# Loop 37 LB Feedback Analysis

**Submission Result:** exp_035 (Minimal Features) scored LB 0.0970 (CV 0.0098)

This was a FAILED experiment - 19.91% worse than baseline. The minimal features hypothesis was wrong.
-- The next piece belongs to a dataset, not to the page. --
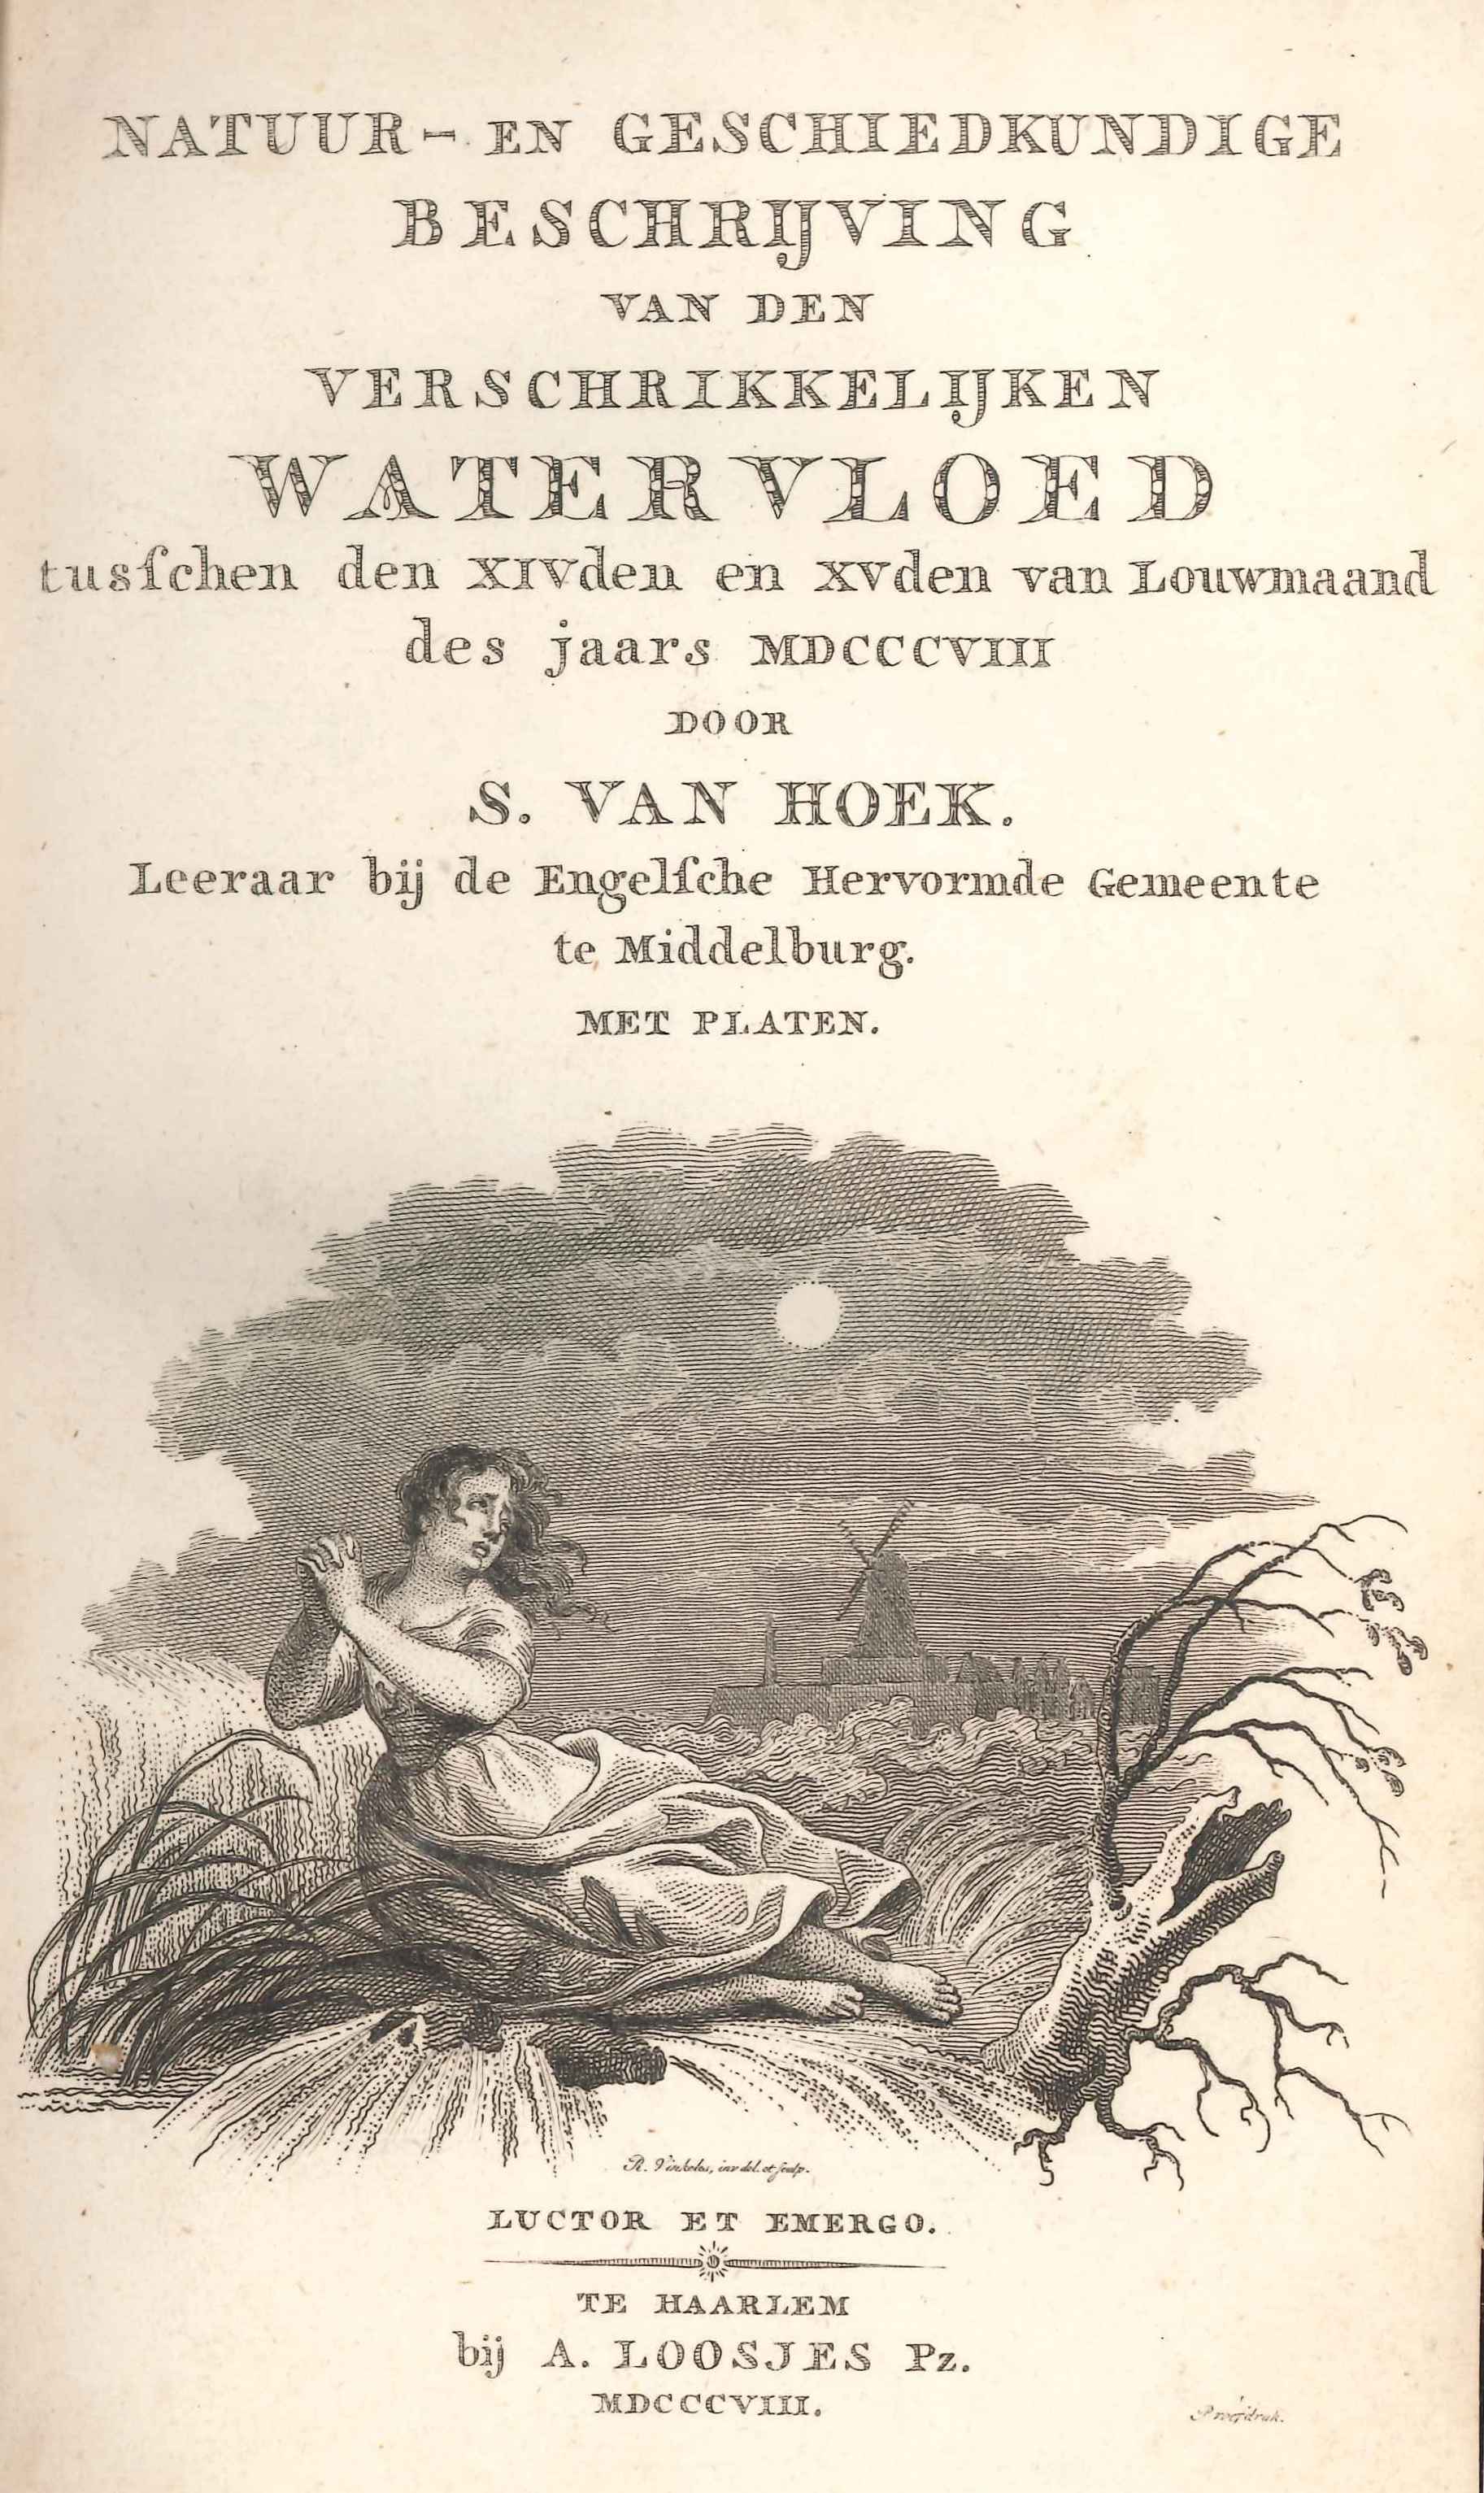 Titelpagina van de beschrijving van de vloed van 1808, door S. van Hoek. 1808.

Let me analyze the full submission history to understand the CV-LB relationship better.

In [None]:
import numpy as np
import pandas as pd
import matplotlib.pyplot as plt
from scipy import stats

# All submission history
submissions = [
    {'exp': 'exp_000', 'cv': 0.0111, 'lb': 0.0982},
    {'exp': 'exp_001', 'cv': 0.0123, 'lb': 0.1065},
    {'exp': 'exp_003', 'cv': 0.0105, 'lb': 0.0972},
    {'exp': 'exp_005', 'cv': 0.0104, 'lb': 0.0969},
    {'exp': 'exp_006', 'cv': 0.0097, 'lb': 0.0946},
    {'exp': 'exp_007', 'cv': 0.0093, 'lb': 0.0932},
    {'exp': 'exp_009', 'cv': 0.0092, 'lb': 0.0936},
    {'exp': 'exp_012', 'cv': 0.0090, 'lb': 0.0913},
    {'exp': 'exp_024', 'cv': 0.0087, 'lb': 0.0893},
    {'exp': 'exp_026', 'cv': 0.0085, 'lb': 0.0887},
    {'exp': 'exp_030', 'cv': 0.0083, 'lb': 0.0877},
    {'exp': 'exp_035', 'cv': 0.0098, 'lb': 0.0970},  # Latest - minimal features FAILED
]

df = pd.DataFrame(submissions)
print("Submission History:")
print(df.to_string(index=False))
print(f"\nBest CV: {df['cv'].min():.4f} ({df.loc[df['cv'].idxmin(), 'exp']})")
print(f"Best LB: {df['lb'].min():.4f} ({df.loc[df['lb'].idxmin(), 'exp']})")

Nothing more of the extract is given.